Потом я киваю Мише, и он открывает ворота.
Глава 3
Бешенство
07:00
Сотворение мира завершено, и настает понедельник новой эры. В отличие от бога, возившегося целую неделю, розовому дождю хватило для этого одной ночи. Не знаю, как обстоят дела на остальном земном шаре, но наш локальный Армагеддон уже случился. Мы -- выжившие -- первые люди нового эпохи, саженцы новой цивилизации. Мы смотрим на это диковинное, полное опасностей место сквозь открытые ворота старого мира, сузившегося до размеров земельного участка моей бабушки. Потом делаем шаг и вступаем в наш новый дом.

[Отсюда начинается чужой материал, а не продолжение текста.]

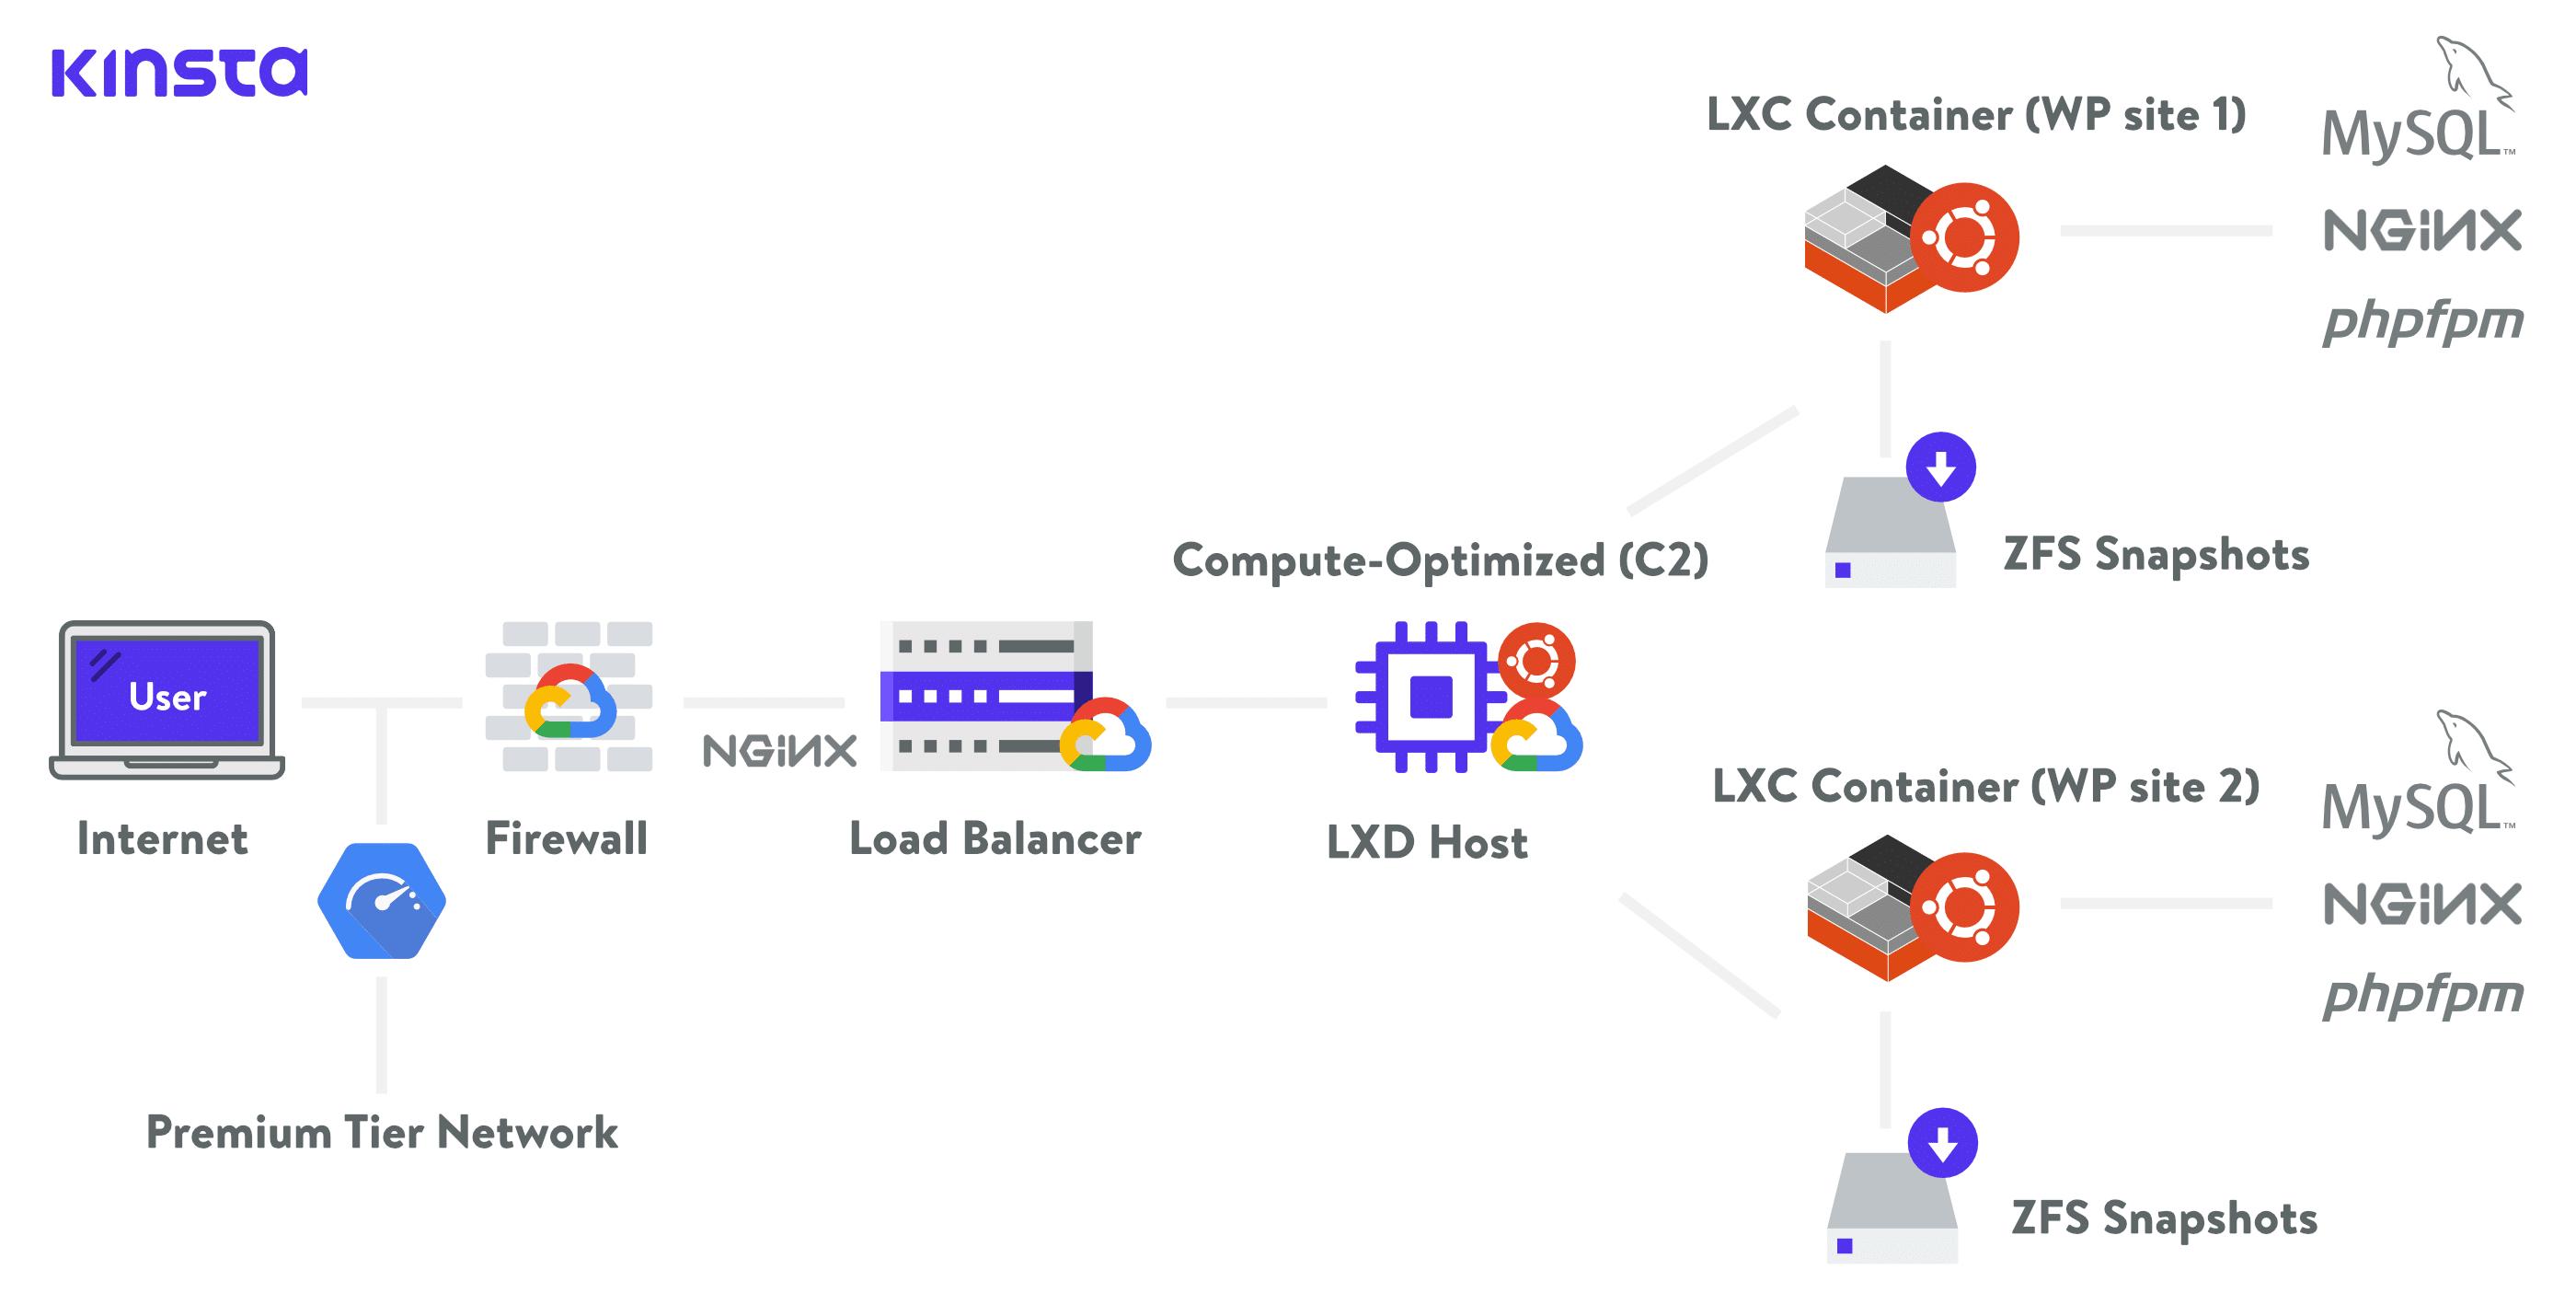 Kinsta hosting infrastructuur met GCP C2 VM

Мир перевернулся. На дворе день, но в городе стоит ночная тишь. Нет ни гула машин, ни людского гомона, даже звуки природы стихли -- за все утро мы не видим в небе ни одной птицы. Я с трудом узнаю улицу, на которой прожил большую часть жизни. В ямах изрытой автомобильными колесами дороги поблескивают темно-розовые лужи. Поваленный в лобовом столкновении с огромным внедорожником фонарный столб подмял несколько одноместных гаражиков. Оборванные провода черными змеями валяются в грязи. Сквозь треснувшие стекла внедорожника вижу мертвого водителя, упавшего разбитой головой на рулевое колесо. Еще несколько тел лежат ниже по дороге, втоптанные в грязь обезумевшей толпой. Розовая грязь на тротуарах и в дорожных лужах маскирует кровь, но я знаю, что она там есть. Где есть смерть, всегда есть кровь.

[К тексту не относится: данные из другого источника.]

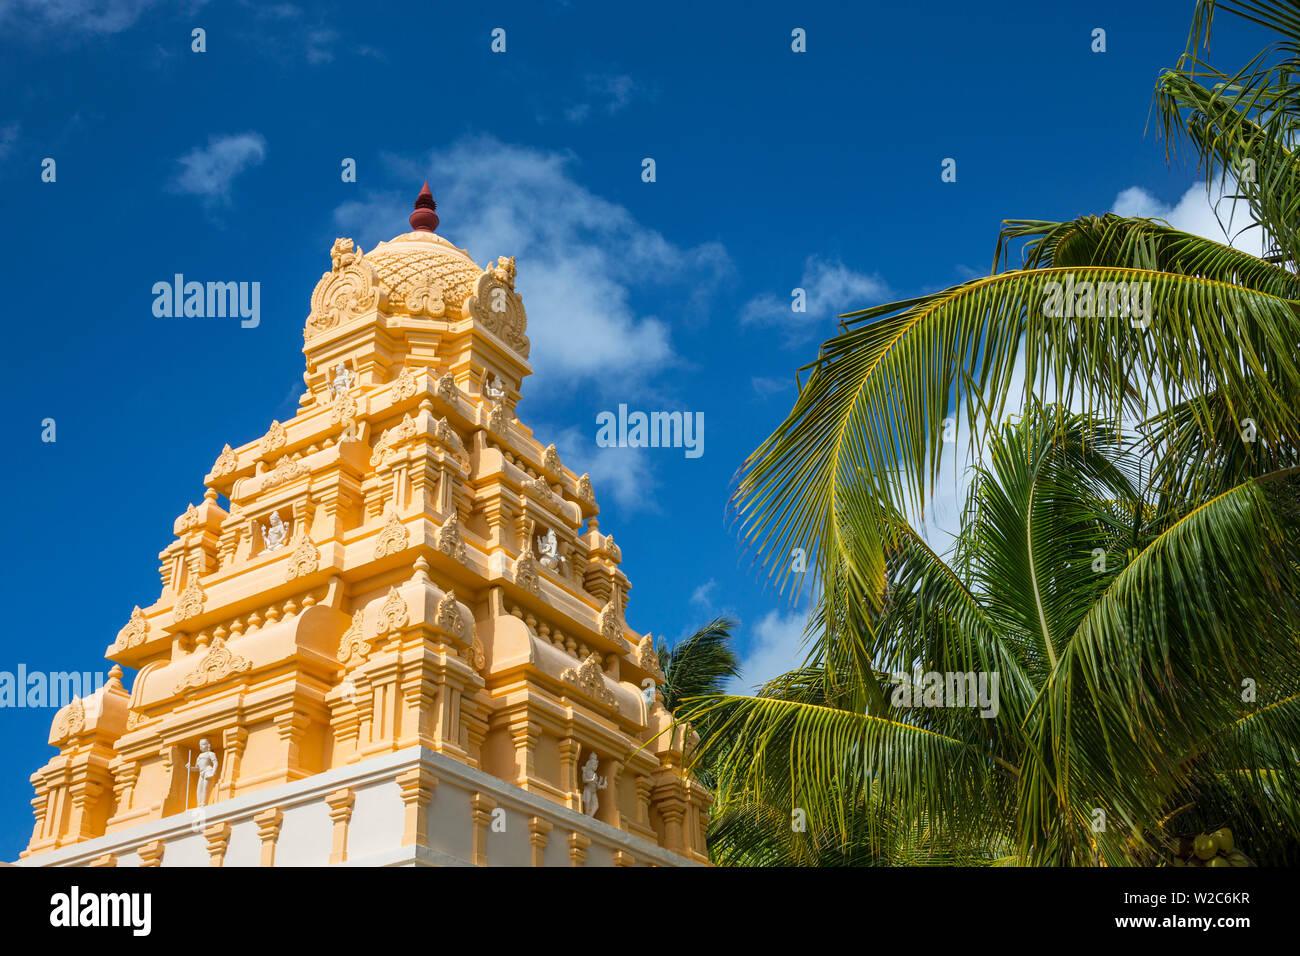 Palmar, Flacq, East Coast, Mauritius - Stock Image

Большинство домов варварски разгромлены и выпотрошены, ни в одном кроме нашего я не вижу целых стекол. Из окна дома бабы Вали чуть выше по улице висит на кусках битого стекла половина человеческого тела. Втора половина, несомненно, в доме, но далеко не факт, что обе составляют единое целое. Труп выглядит так, словно перед смертью его хорошенько пожевала Годзилла.
Первым не выдерживает Арт. Сгибается пополам, и его шумно рвет в палисадник. Звуки падающей в грязь блевотины вызывают цепную реакцию, и вот уже мы все извергаем из себя остатки того, что осталось в наших желудках с вечера. Эту роскошь я позволяю себе в последний раз -- в нашем новом мире так запросто расставаться с калориями непозволительно.
Машина Михася лежит на боку возле мусорных баков на противоположной стороне улицы. Из отрытого капота торчат наружу, точно внутренности, провода и трубки. Какая неведомая сила умудрилась закинуть ее туда, я не знаю, да и не хочу знать. Одной машиной меньше, но сейчас меня это не беспокоит. В нашем новом мире недостатка в машинах у нас не будет.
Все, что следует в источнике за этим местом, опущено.